Table 3 and Figure 8 show a marked difference between the probabilities of occurrence of significant explosions for each stage. For comparative purposes we show in Table 5 the ratios of the probabilities calculated for the non-stationary (N-S) and stationary (S) stages for different time intervals.

During the time of study about 40 domes have been emplaced, but at least 138 moderately large explosions were recorded, either during the growth, or during the dome destruction episodes, with 64 of them exceeding an altitude of about 9.5 km a.s.l. Considering the fact that the highest rates of SE occurred during the relatively low lava dome emplacement rate regimes II and the initial part of IV defined in ^{Gómez-Vazquez et al. (2016)}, it may be concluded that the lava dome emplacement and the SE sequences appear to be the result of different ways of interaction among some complex processes, mainly the magma ascent and crystallization rates and the intensity of degassing (^{Gómez-Vazquez et al., 2016}; ^{Mendoza-Rosas et al., 2017}). Such factors seem to influence SE and lava dome emplacements in different ways, particularly during the SE non-stationary stage 1997-2003. In contrast, the SE stationary stage does not show a significant influence of the lava dome emplacement transitions between regimes IV and V.

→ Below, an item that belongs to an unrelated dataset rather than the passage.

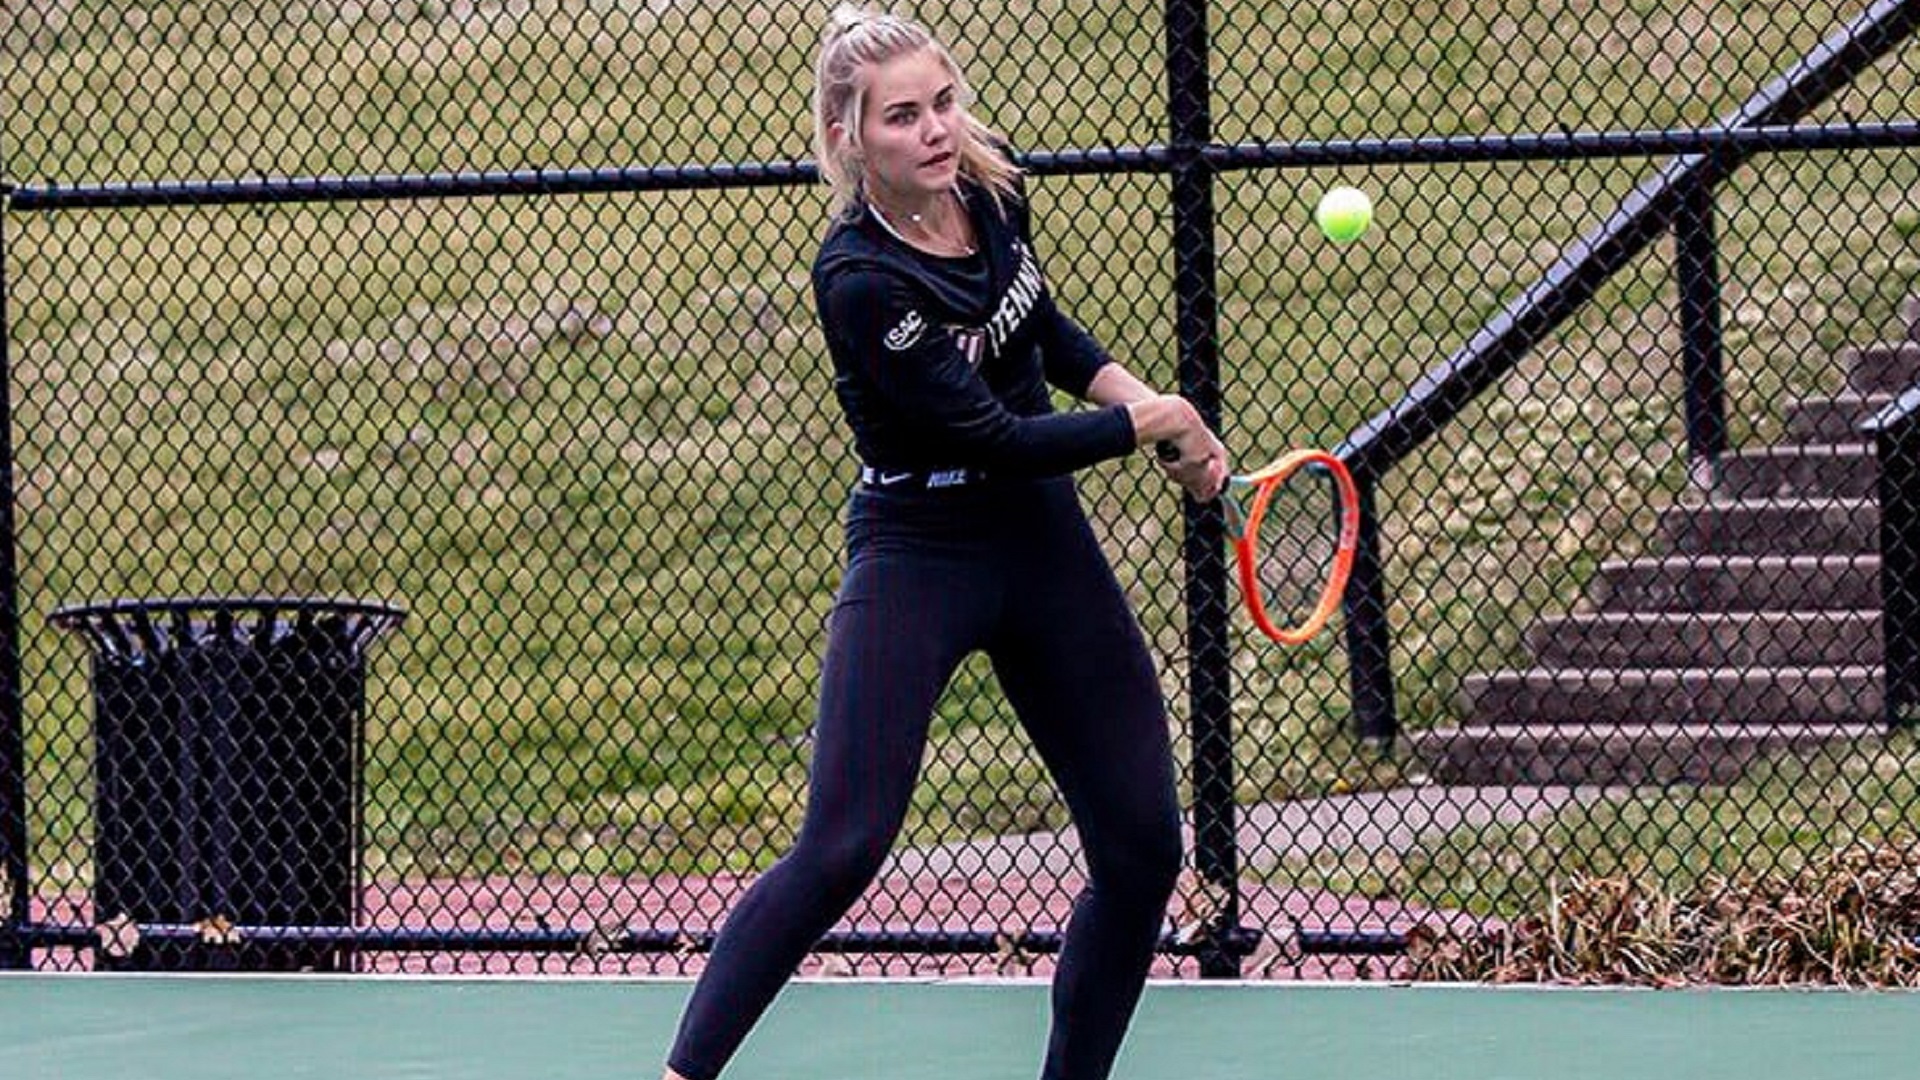 Singles sweep sends 11th-ranked Queens to 6-1 win over Tusculum

Since the nature of the process may change from stationary to non-stationary without a clear or evident physical cause, and the probabilities are quite sensitive to such condition, the assessment of hazards requires a continuous testing of the independence and the stationarity of the ongoing process. The eruptive process apparently continues in a stationary stage, but a transition into a non-stationary stage may increase by an order of magnitude the probability of significant explosions in short time intervals, making it more likely the generation of "significant explosion swarms" as those shown in Figure 4. Since this indicates a much higher rate of thermal energy release, the hazard assessment must carefully evaluate the mass and energy balance of the volcano apparently reached around 2003 (figure 12 in ^{Gómez-Vazquez et al., 2016}). This acquires particular relevance for the long-term development plans of the volcano surrounding area, considering that about 20% of the major explosive eruptions worldwide have occurred during andesitic or dacitic lava dome eruptions (^{Ogburn et al., 2015}), and that the log-linear regression model for compositional dependence of the expected duration of ongoing lava dome eruptions of ^{Wolpert et al. (2016)}, indicates that there is a 40% probability that the ongoing activity of Popocatépetl may last for another 30 to 35 years and 20% probability that it extends for over 100 y.